A manual handling risk assessment must always be performed to determine, assess and reduce the risks posed by certain tasks and ensure health and safety is always paramount in the workplace. A risk assessment will follow the TILE or LITE acronyms, assessing the task, individual, load and environment of each manual handling task and must be performed by a fully trained and competent employee.


The risk assessor will identify any hazards relating to the manual handling task and implement certain safety measures and plans to reduce the risk and therefore reduce accidents or injury. It is the employer’s responsibility to ensure risk assessments are regularly performed and plans put into place to ensure employees and other people are always safe during the process of manual handling tasks.

 

 

a statue of a woman holding scales representing law

Manual Handling Legislation


There is manual handling legislation found in five different acts provided by the UK’s Health and Safety Executive. The legislations provide rules and guidelines that must be followed by all employers and employees when carrying out any manual handling tasks.

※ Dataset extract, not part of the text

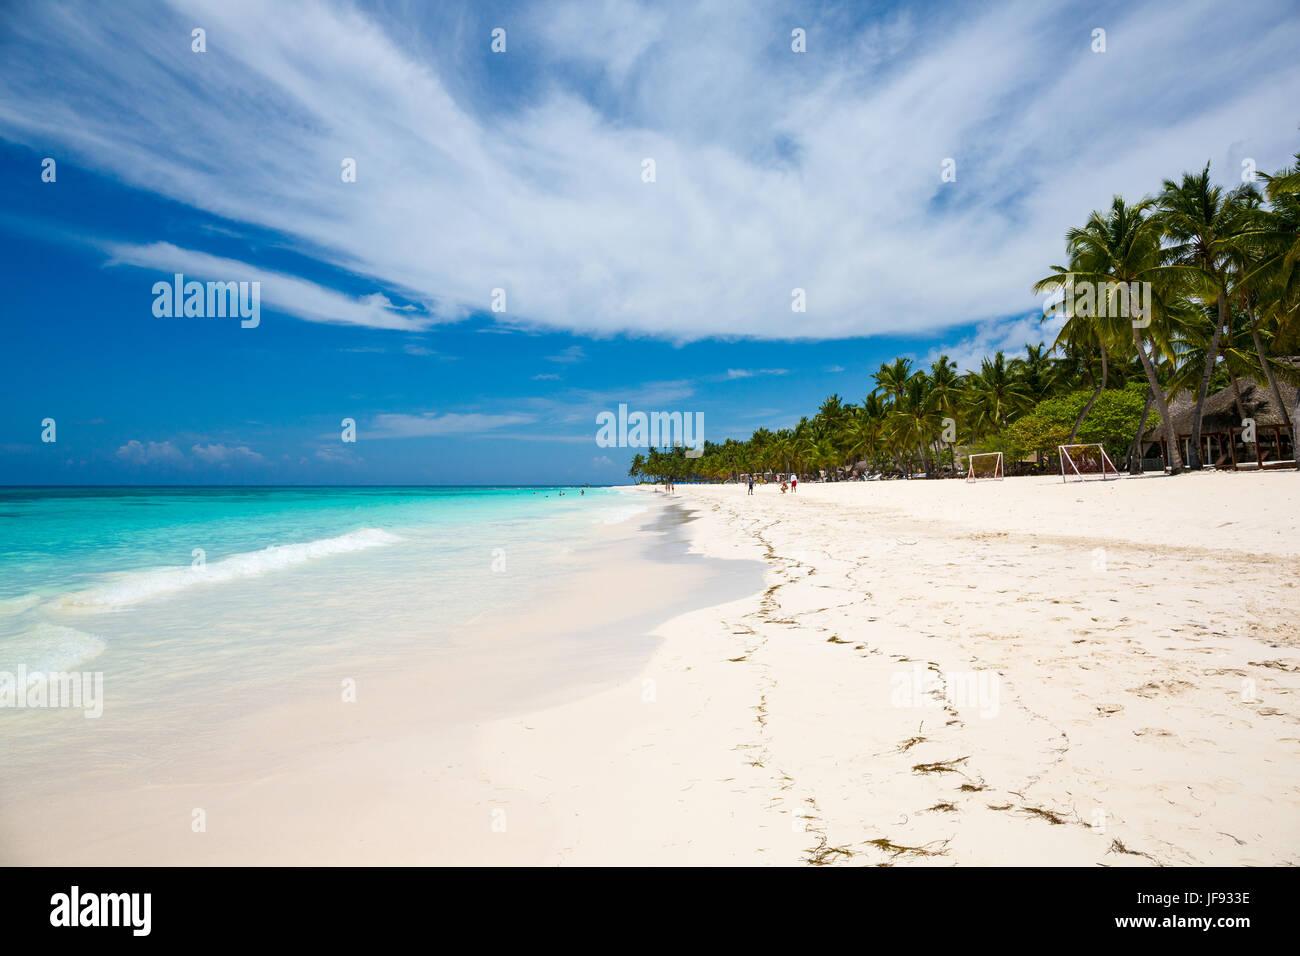 beach at Saona island, Dominican Republic - Stock Image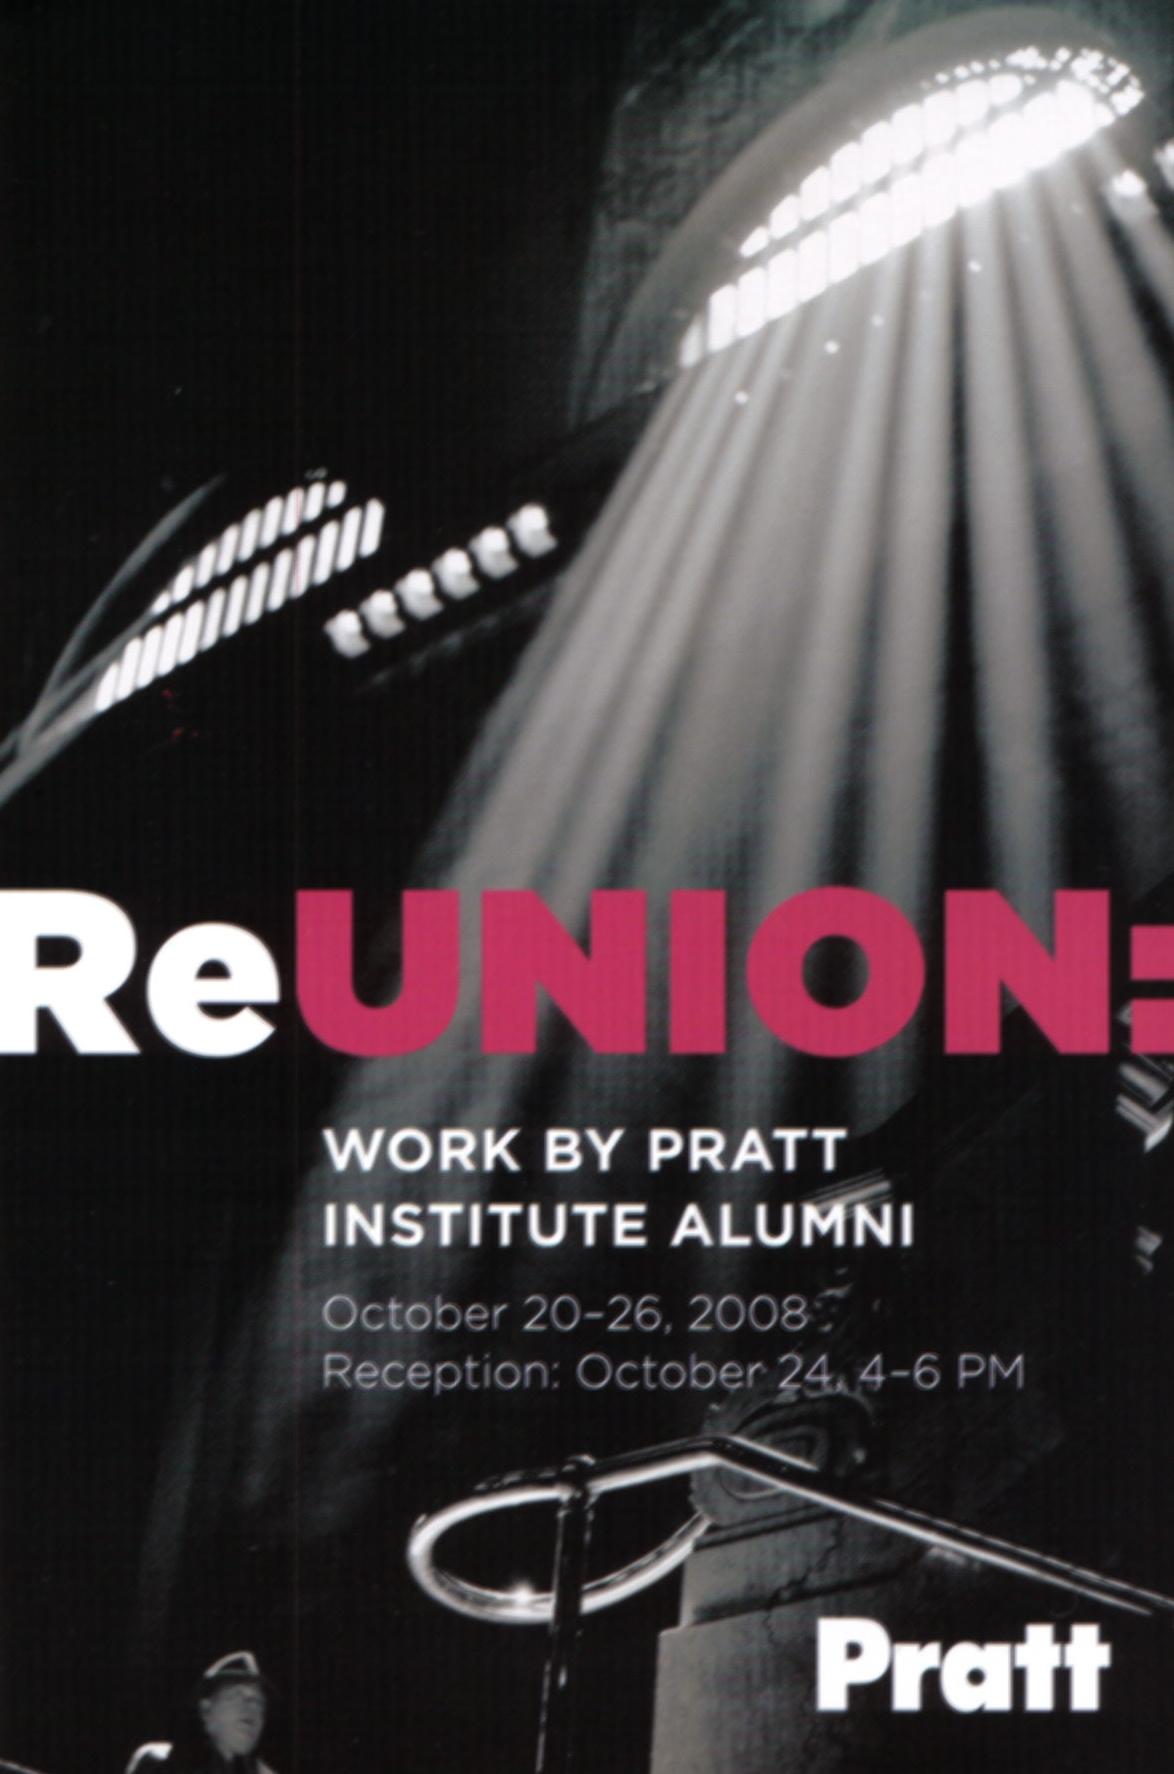 ReUnion_Pratt_Exhibit_Oct_2008.jpg

The legislations that cover manual handling include:


These pieces of manual handling legislation, if followed correctly, ensure that all workers are always safe in the workplace when performing any manual handling tasks. It requires regular risk assessments to be performed and highlights all responsibilities for both employers and employees as well as appropriate training and knowledge of equipment required of the workers.


 

 

Frequently Asked Questions

 

Where does the TILE framework come from?

The TILE framework was devised by the HSE (Health and Safety Executive) and is used to ensure all employees are safe during all manual handling tasks.

 

Injuries caused by manual handling?

Various injuries can be caused by manual handling such as back, neck, shoulder and foot injuries, pulled muscles, strains and sprains, falls and cuts. Injuries can be reduced and prevented by performing regular risk assessments to determine risks and implement safety measures.

 

How can TILE be used in risk assessments?

TILE is an acronym which stands for Task, Individual, Load and Environment and covers the main factors that must be considered during all risk assessments for manual handling tasks.